Сам наотрез отказавшийся уехать к дочкам или в Каскь-оя потому, что не было бы ему жизни вдали от Сарь-ярь, Степан нутром чуял непреходящую любовь Михаила к родным местам.

Едва наступало лето, старик терпеливо день ото дня все ждал и ждал Палагичева. Он ничем не выдавал свое ожидание и с женой никогда не заговаривал о Михаиле — такая уж была натура. Но иногда ни с того ни с сего просил:

— Ты, Наталья, спеки-ко завтра рыжичник… А то все рыба да рыба…

— Ладно. Спеку, — отвечала жена.

Она хорошо знала, что никакой стряпни так не любил Михаил, как пироги с солеными рыжиками, и ей все становилось понятно.

Степан отреза́л от свежего рыжичника малюсенький кусочек, медленно жевал его, пробуя вкус, и заключал:

— Горячий. Пусть остынет. До вечера.

Наталья вспоминала о пироге лишь к исходу следующего дня.

— Степан! А пирог-то с рыжиками!..

— Верно. Давай-ко неси. Поди, уж зачерствел весь…

Через неделю Наталья снова стряпала рыжичник, и все повторялось. Потом она пекла пироги через каждые два-три дня.

И каждый раз Михаил чудом угадывал в Сарь-ярь на любимый пирог с солеными рыжиками…

Степан не увидел, а каким-то внутренним чутьем вдруг почувствовал, что на тропинке за ручьем Вилу-оя показался человек. Он резко повернул голову направо, где по луговине пролегала единственная ведущая в деревню чуть приметная стежка, и действительно увидел одинокого пешехода.

«Мишка! Больше некому!..» — дрогнуло и радостно забилось сердце старика. Выждав, когда человек скрылся за склоном горы, Степан быстро поднялся, спешно прошел к своему дому, отворил дверь и крикнул с порога:

— Наталья, живо самовар! Мишка идет!..

А сам схватил косу, уселся на завалинку возле угла, приладил полотно литовки на бабку и принялся усердно чакать молотком. Он не поднял головы, пока Палагичев не приблизился к крыльцу и не остановился.

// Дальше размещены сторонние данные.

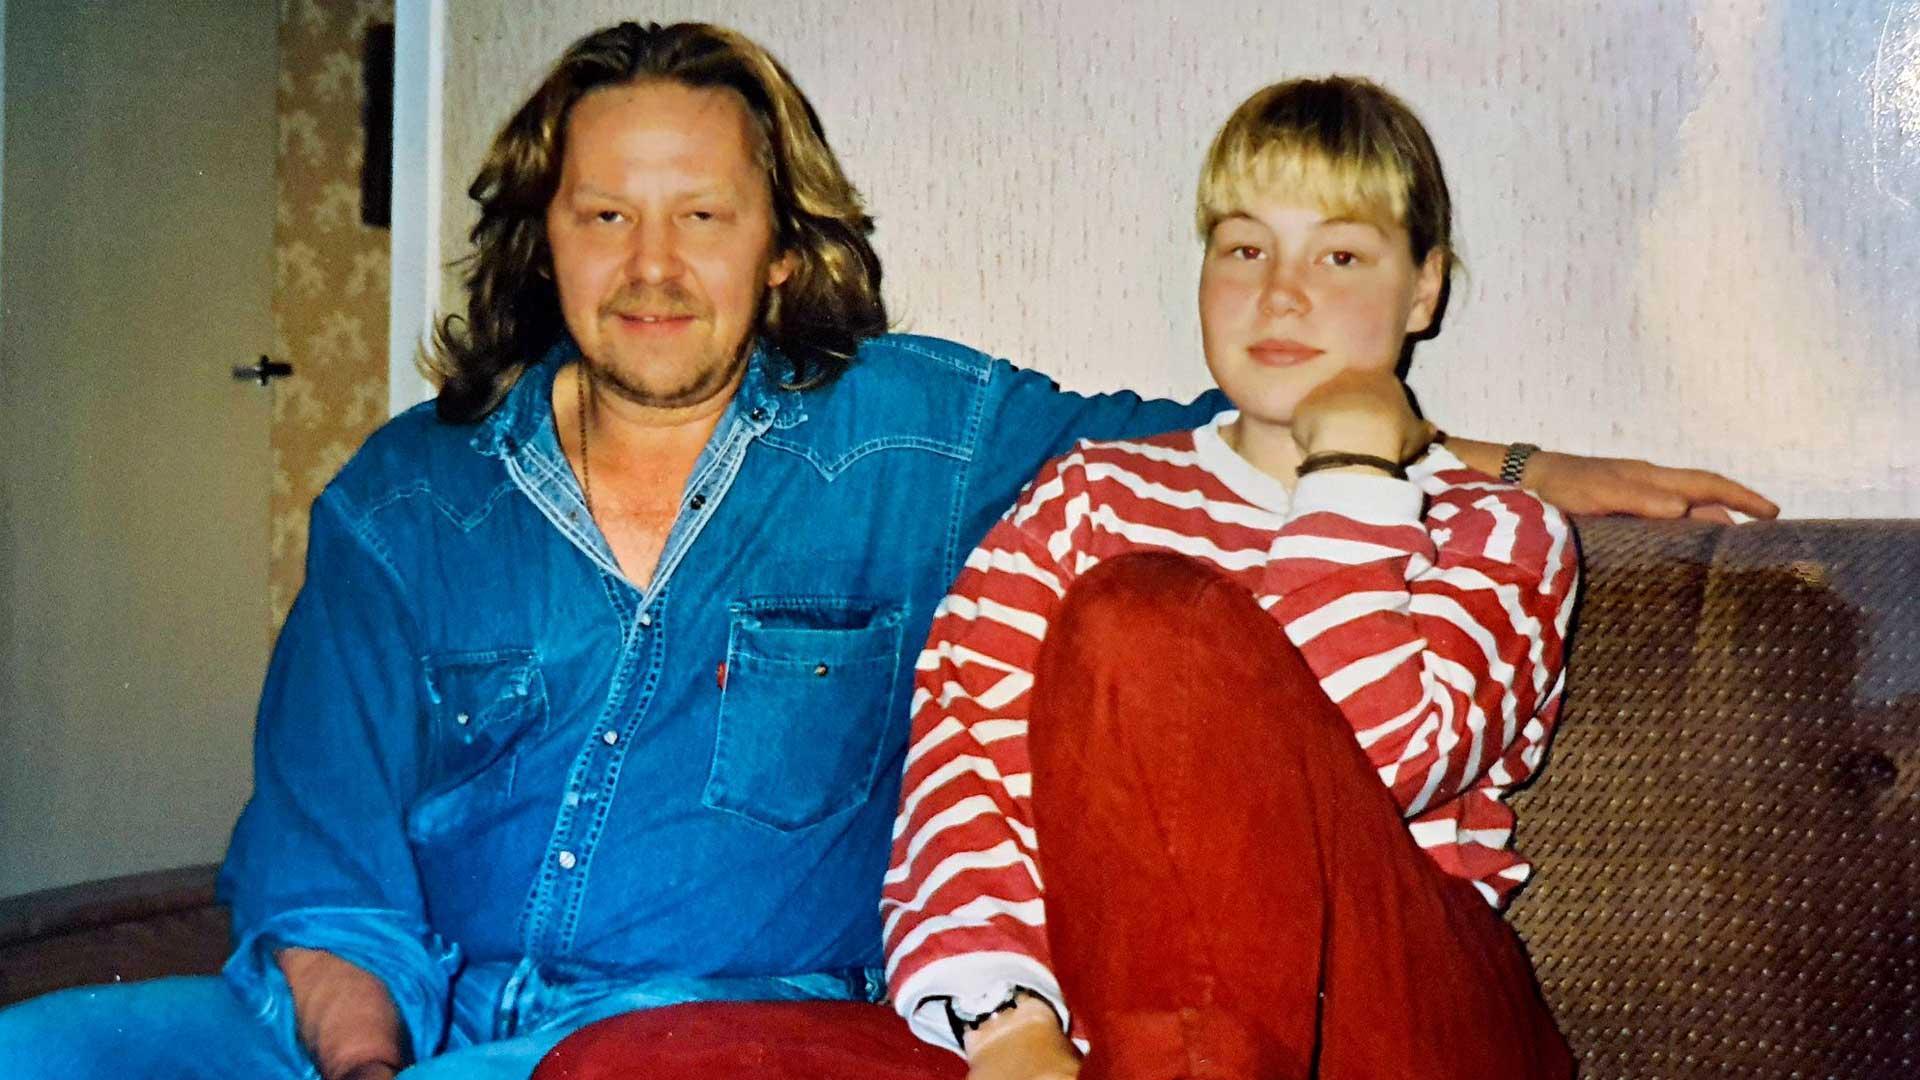 """""""Minulla on isästä paljon myös hyviä ja rakkaita muistoja. Hän on ihminen, joka on muovannut minua eniten sekä hyvässä että pahassa. Hän oli se, joka tunsi minut parhaiten ja kannusti vahvimmin."""""""

Это был высокий человек лет тридцати, с большими карими глазами, которые постоянно выражали затаенную грусть и задумчивость. Казалось, это выражение, однажды возникнув, навсегда застыло во взгляде, обращенном куда-то внутрь, будто Михаилу не давала покоя какая-то неотвязная дума, ведомая одному ему.

Прядь черных волос, выбившаяся из-под берета, прилипла к потному лбу, синий спортивный костюм темнел на плечах и широкой груди расплывчатыми влажными пятнами. Видно, Михаил спешил в пути, да и день выдался жаркий.

— Войдик, дедо! — поздоровался Михаил, сняв берет и слегка поклонившись старику.

— А, это ты, Мишка? Здравствуй, здравствуй! — так же по-вепсски ответил Степан. — А мы и не ждали тебя. Думали, прошлым летом был, так не придешь… Проходи в избу, я скоро кончу… — Дед потрогал лезвие косы жестким пальцем, поплевал на молоток и как ни в чем не бывало продолжил начатое дело.

Михаил, оттянув правой рукой лямку тяжелого рюкзака, молча смотрел на старика, на его седую окладистую бороду, на румяное здоровое лицо и блестящую, коричневую от загара лысину, на которой торчали одинокие, тоже седые, волосинки. Такой как всегда! И одет в свой неизменный летний наряд — белые полотняные штаны и белую, почти до колен рубаху. На смуглом лице Михаила скользнула улыбка.

— Чего смотришь? — не поднимая головы, спросил Степан.

— Да вот думаю: ничего тебе не делается. Не стареешь ты.

— Стареют молодые, а мне уж семьдесят четвертый год. Мне, парень, стареть некуда.

— И то правда! — Михаил вздохнул, снял рюкзак, скинул резиновые сапоги. Потом повернулся к озеру, глянул вдаль да так и замер, очарованный.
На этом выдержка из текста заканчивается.